▶ [Supplied information]

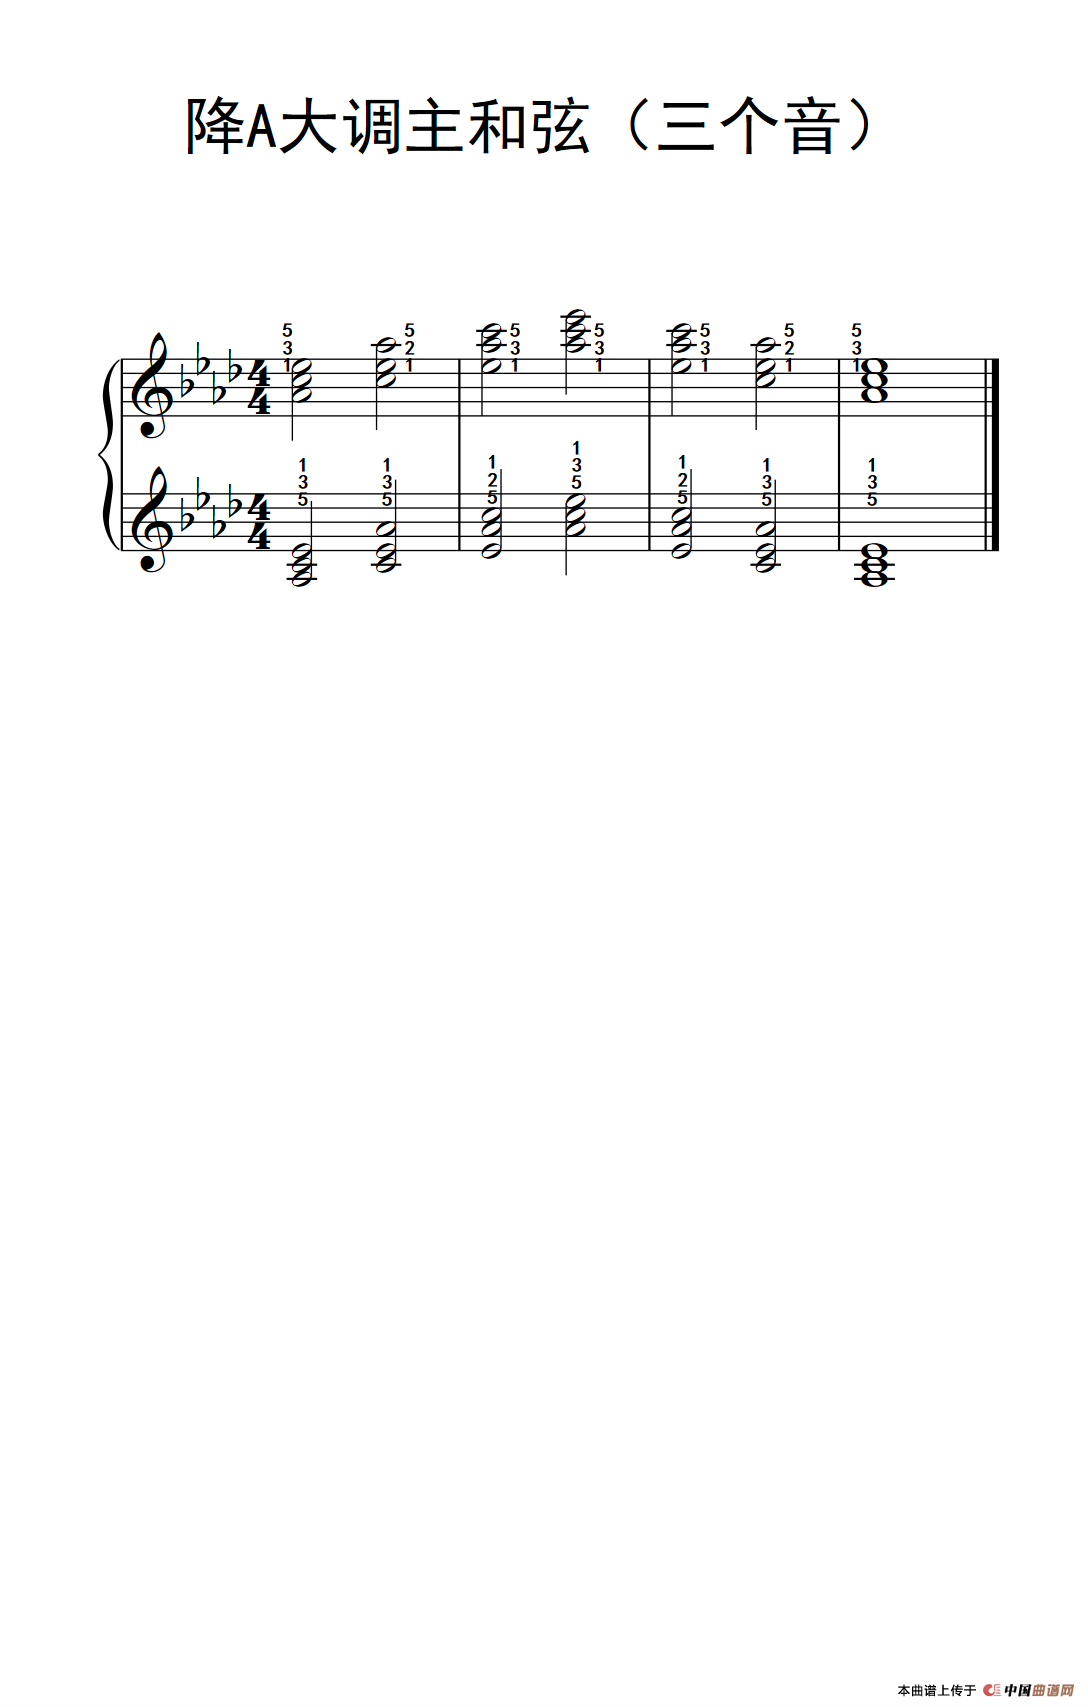 钢琴简谱音阶_身体音阶歌钢琴简谱(2)
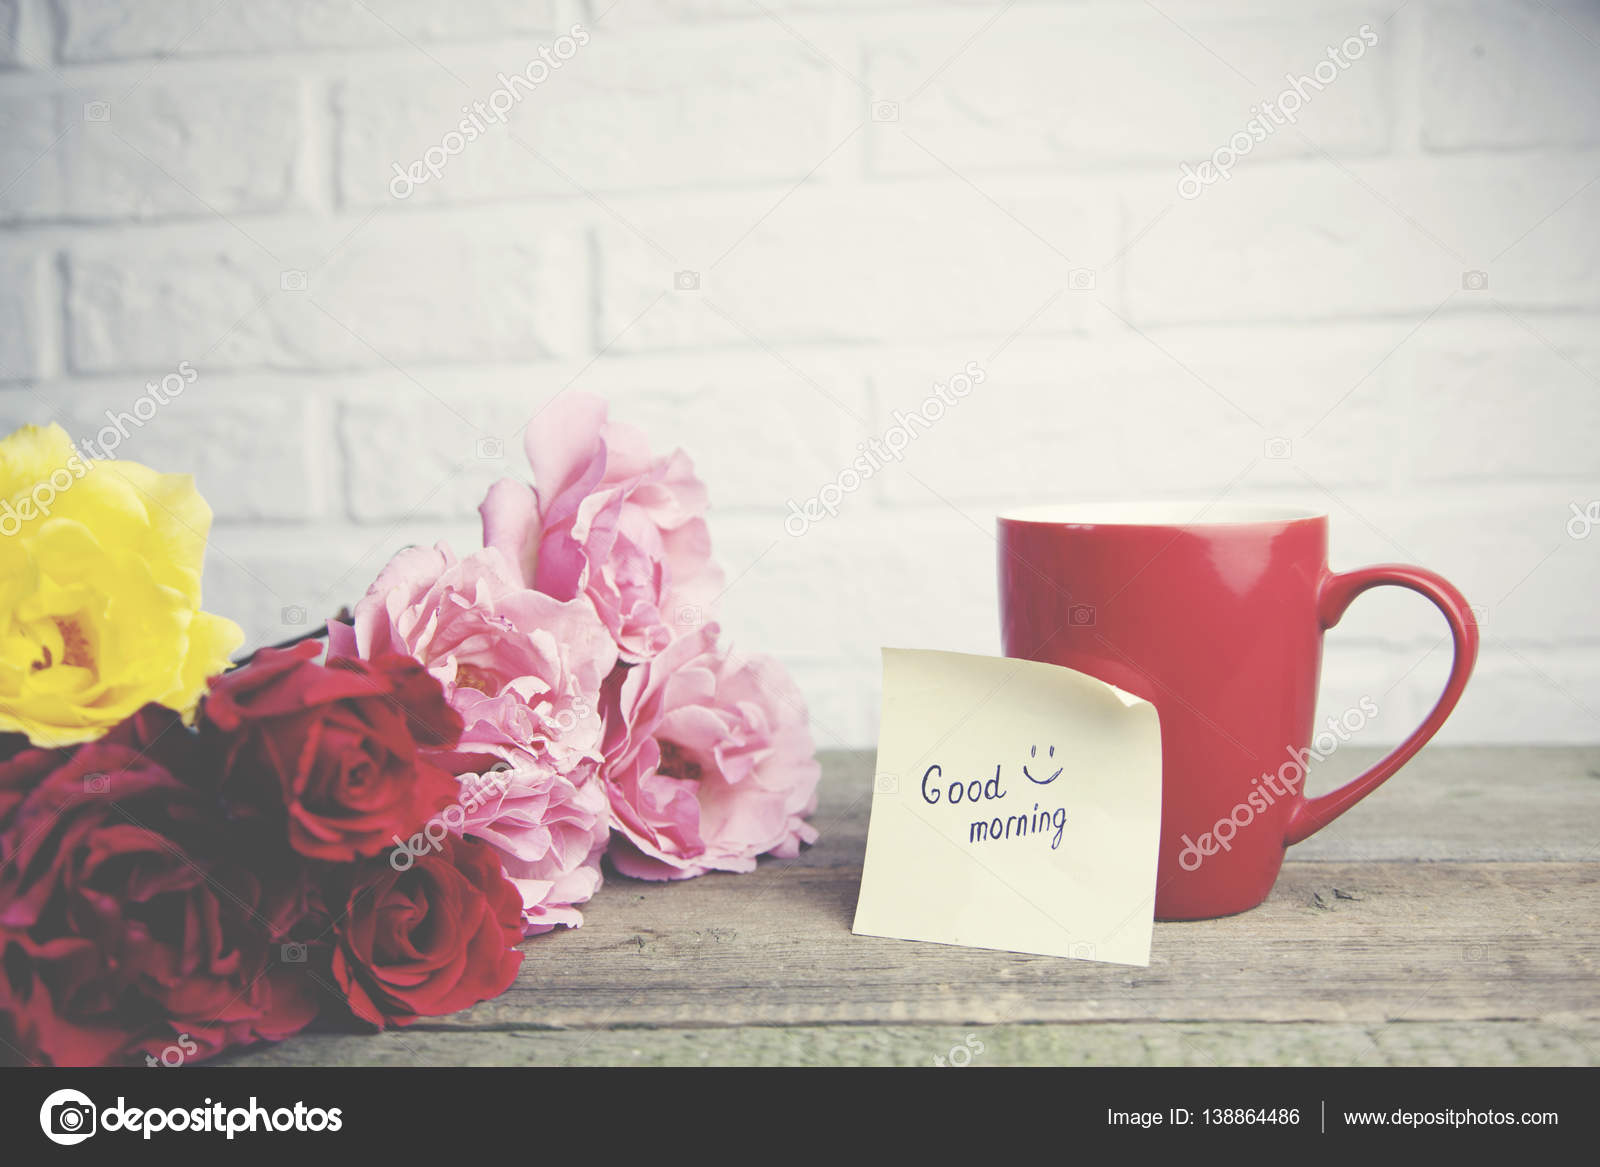 おはよう壁紙,ピンク,テキスト,静物写真,カップ,花
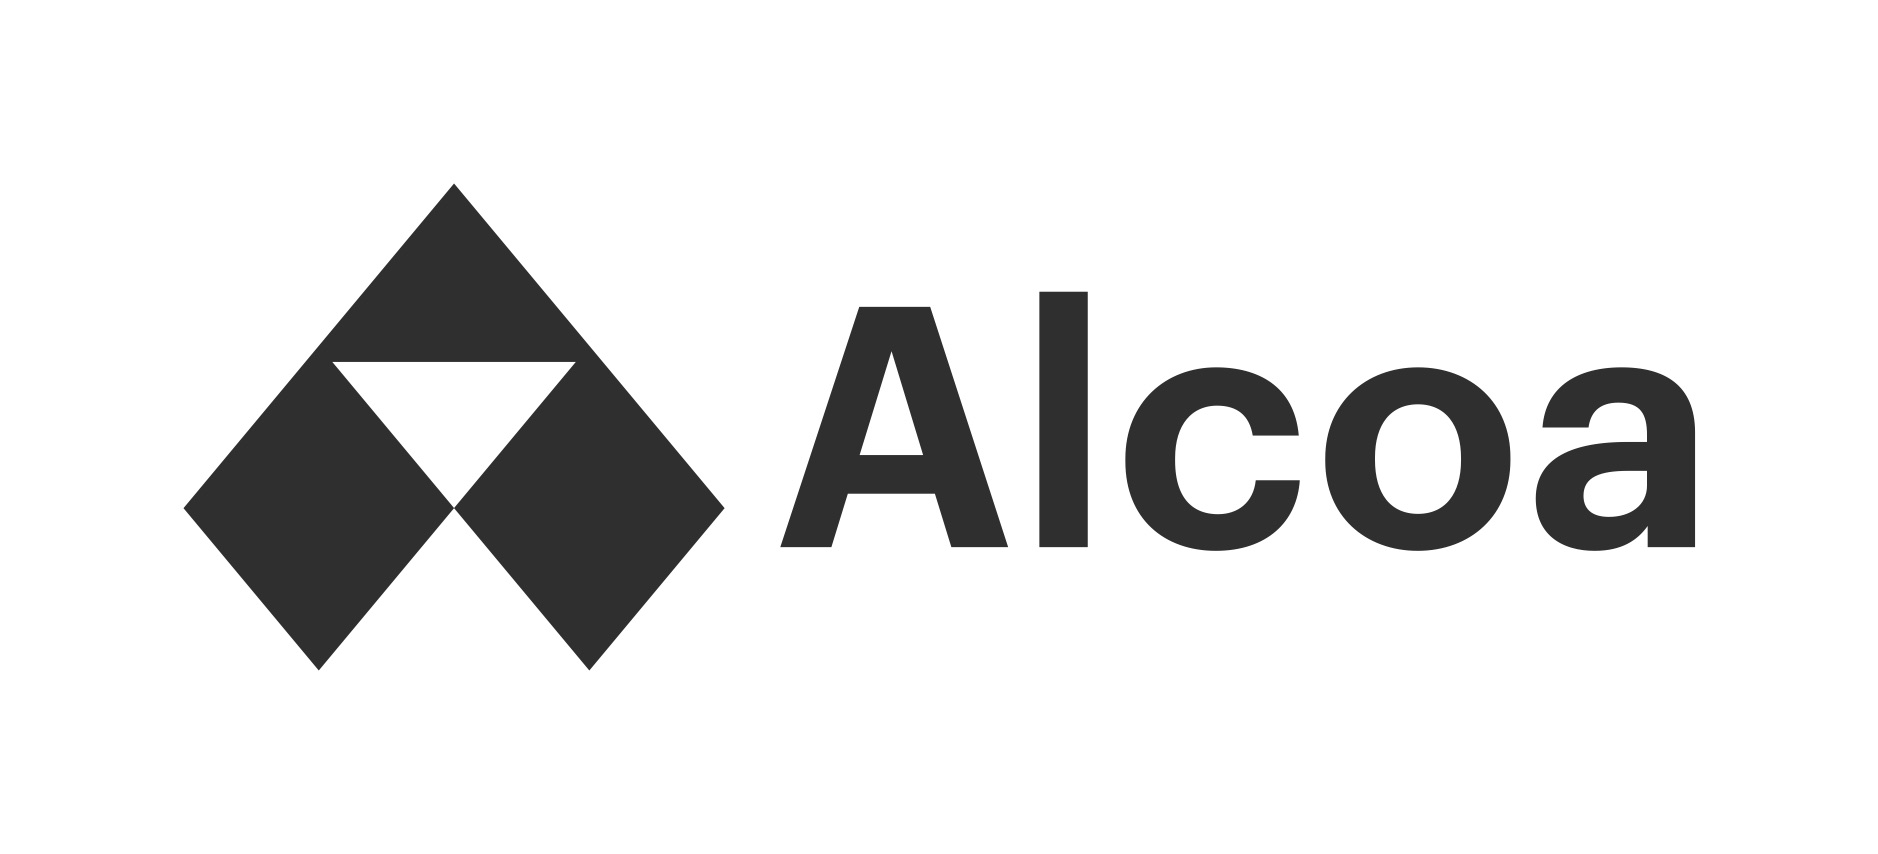 Alcoa - Logo
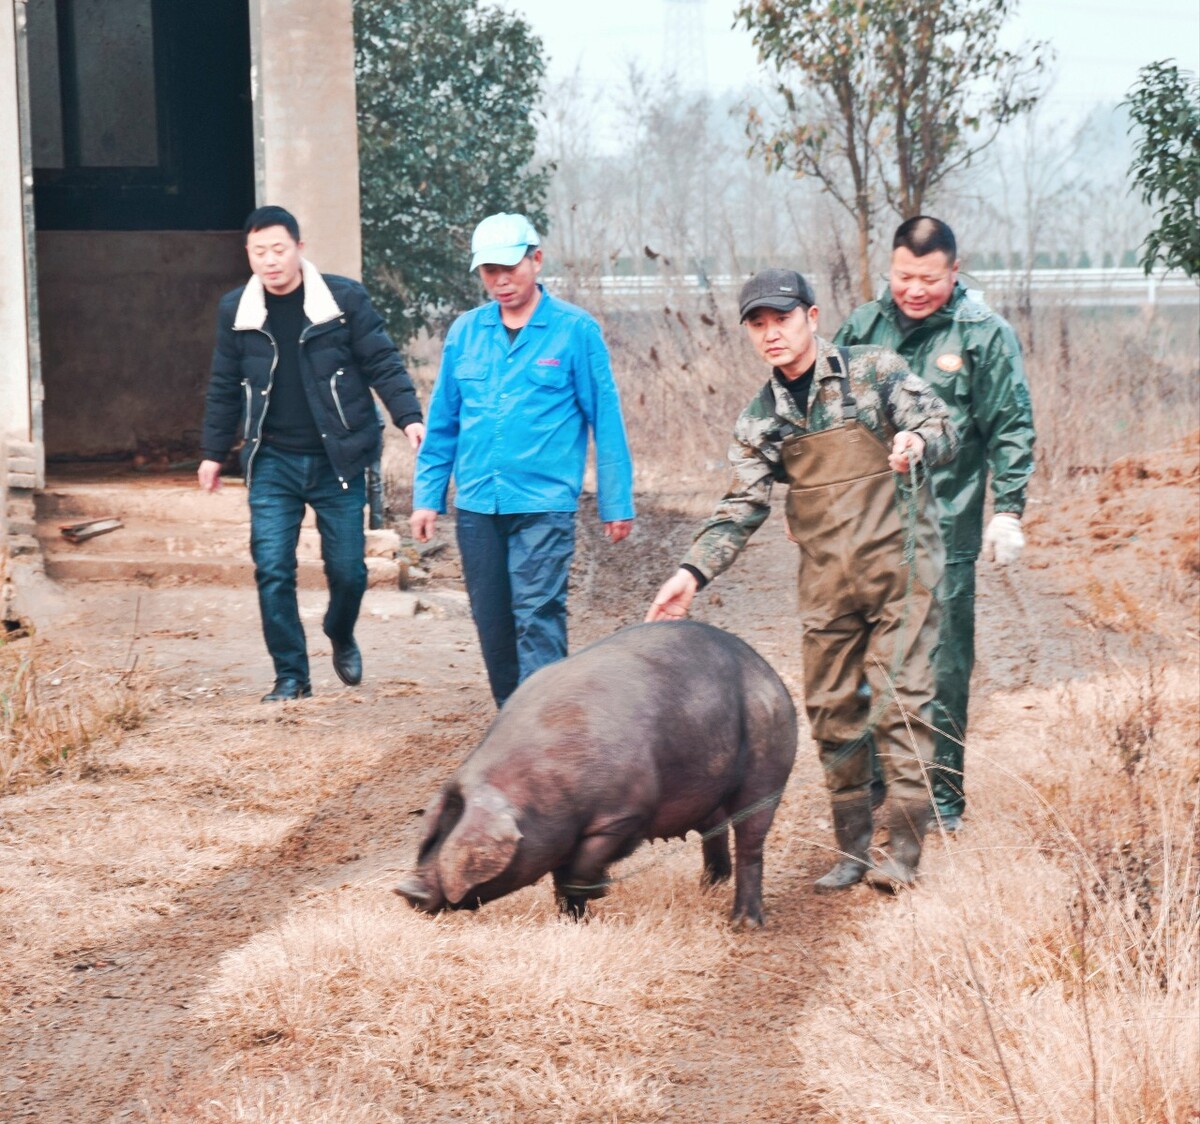 湖南山猪养殖,五指山盘山五交野猪养殖专业合作社处于开业状态

▶ [What you are asked to do] Copy out all of the listing word for word, but skip the images.

▶ [Task response]
 钢琴简谱音阶_身体音阶歌钢琴简谱(2)
 おはよう壁紙,ピンク,テキスト,静物写真,カップ,花
 Alcoa - Logo
 湖南山猪养殖,五指山盘山五交野猪养殖专业合作社处于开业状态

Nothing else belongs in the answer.